Dear Musical Etiquette:

Recently I was invited to a semi-formal dinner party by a co-worker. Everything went off without a hitch but the music he played was too loud and abrasive. How do I let him know that it wasn't appropriate? What kind of music should I recommend?

Signed, XXXXXX

Critiquing a host's dinner music is a delicate situation. Often times your host has put a considerable amount of time into the selection of music for the evening. As we know all too well, the correct music is as important a part of the atmosphere as the place setting, the lighting and the food itself. If you find that your dinner host has selected music that does not fit the atmosphere of the party, and you know your host quite well, then it is best to mention it discretely when the opportunity arises. In the case of an unfamiliar host or a formal dinner party, the thank-you note is considered the polite way of voicing your concerns.

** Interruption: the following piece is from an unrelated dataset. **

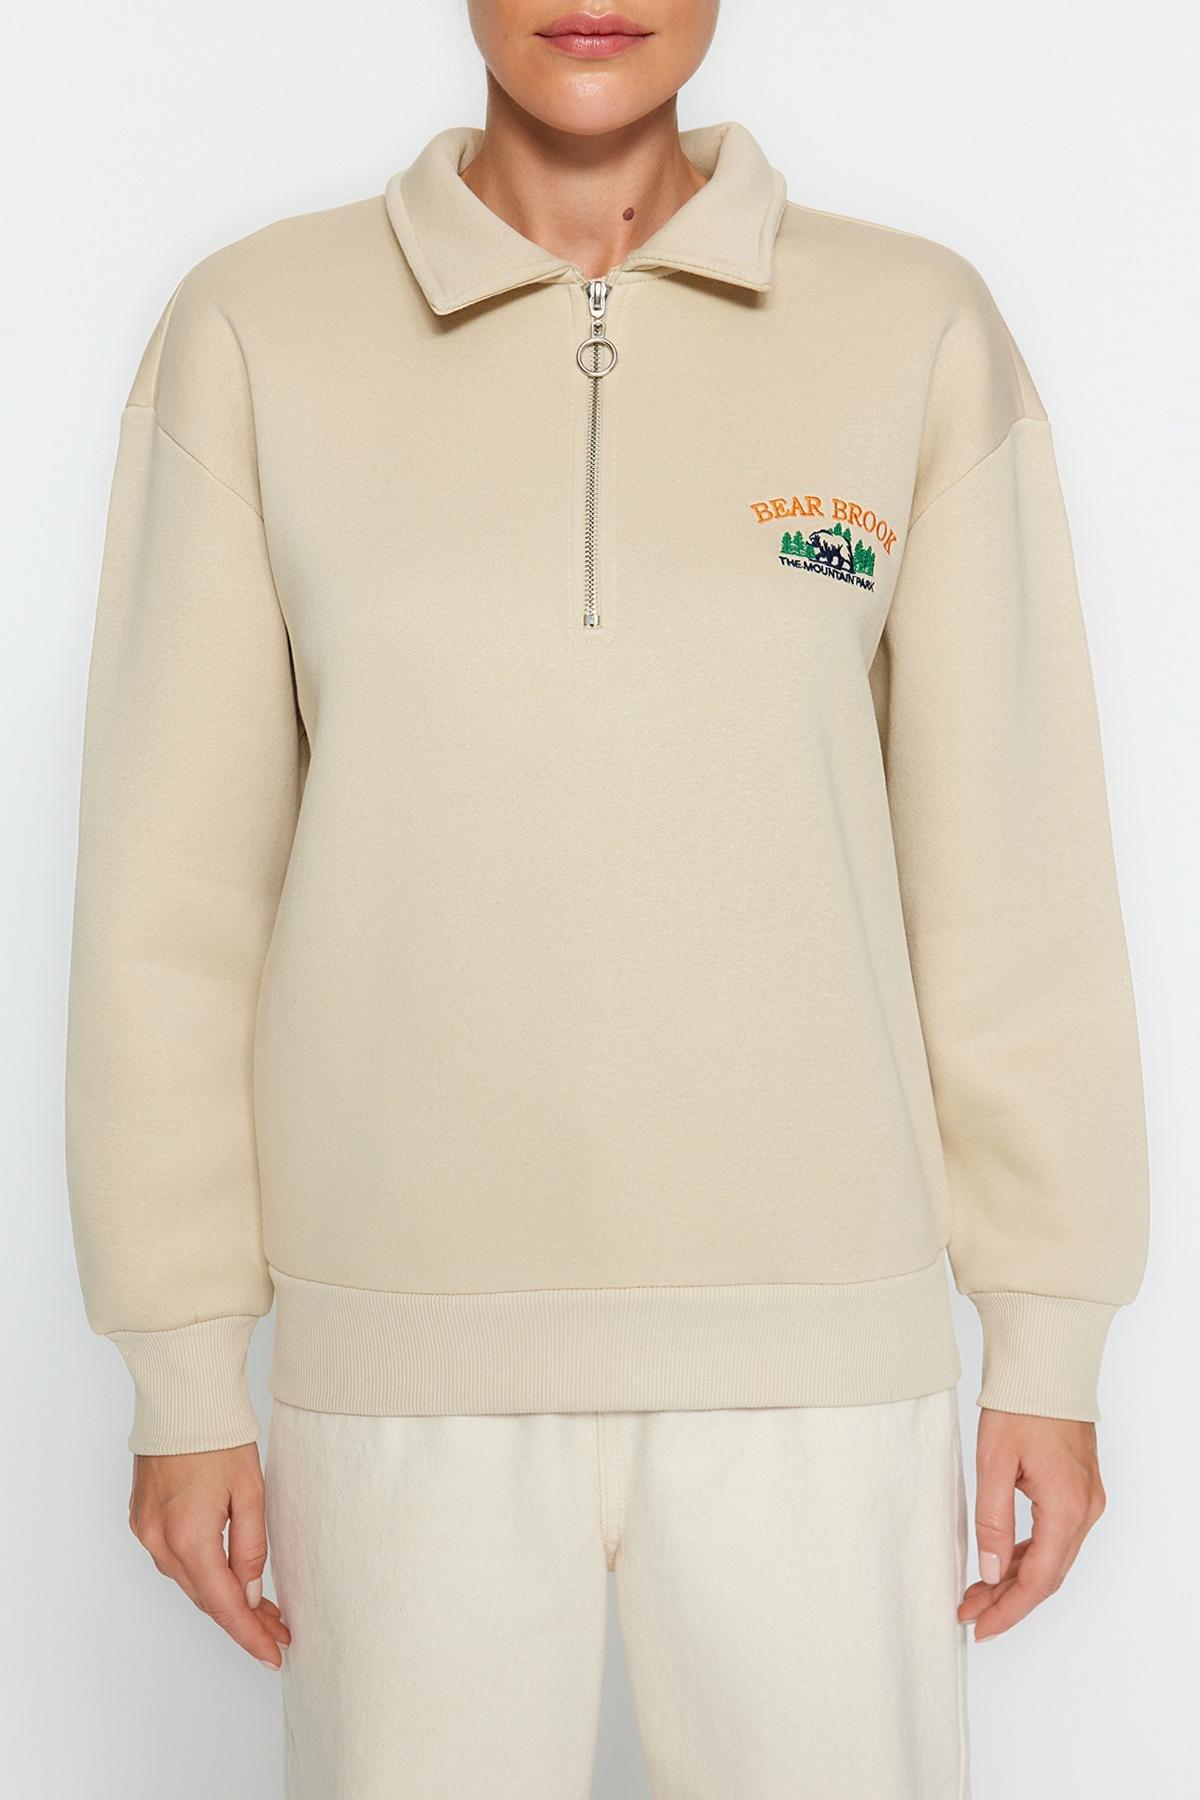 Trendyol - Beige Zipper Embroidered Knitted Sweatshirt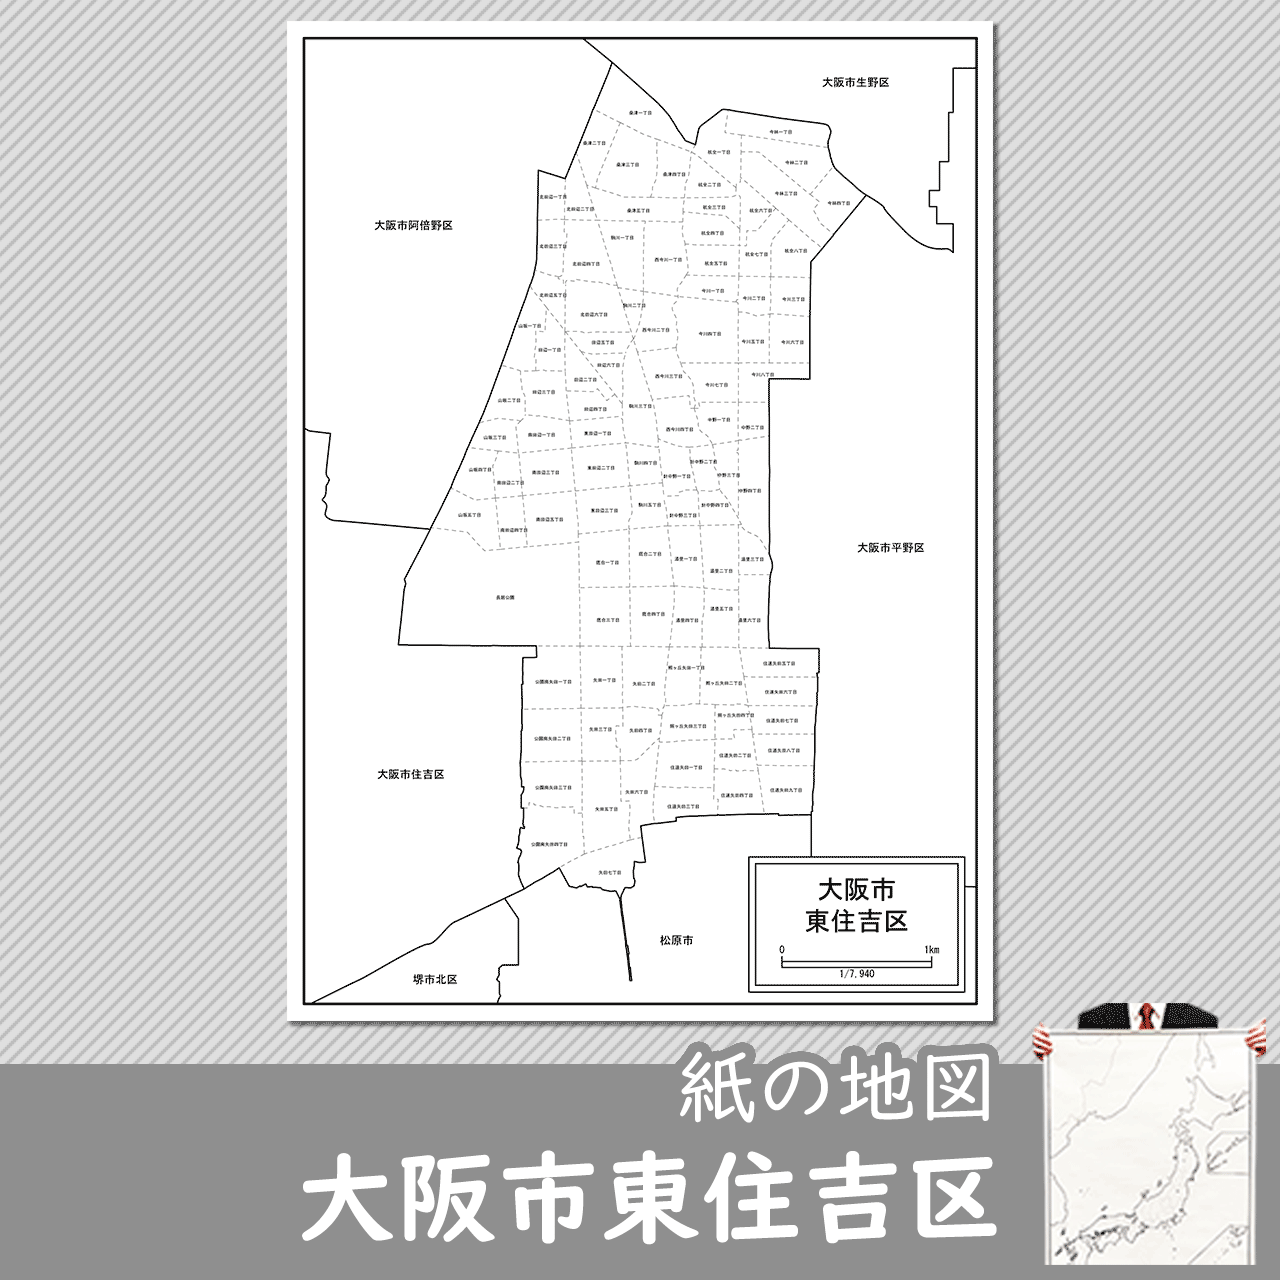 大阪市東住吉区の紙の白地図

A well written thank-you note can do wonders for your social standing. There are a few things to keep in mind. You are a guest, so it is upon you to thank your host for their time and effort. It is also upon you to not waste their time. A thank-you not should be short without being terse and as formal as the situation demands. Any criticisms of the party should be mild and couched in pleasantries. I have included a letter from a recent dinner with an acquaintance to guide your hand should the demand arise.


I'd first like to extend my thanks to you and your wife for inviting me to your dinner party last weekend. Rarely am i presented with such excellent company and stellar food at the same time. The orange glaze on the duck made every sense I posses dance with such fervor that I find myself reliving the experience over and over in my mind even now. The ethereal beauty of the table setting and your lovely abode likewise remain etched forevermore in my mind. Bravo to you and yours good sir, Bravo indeed.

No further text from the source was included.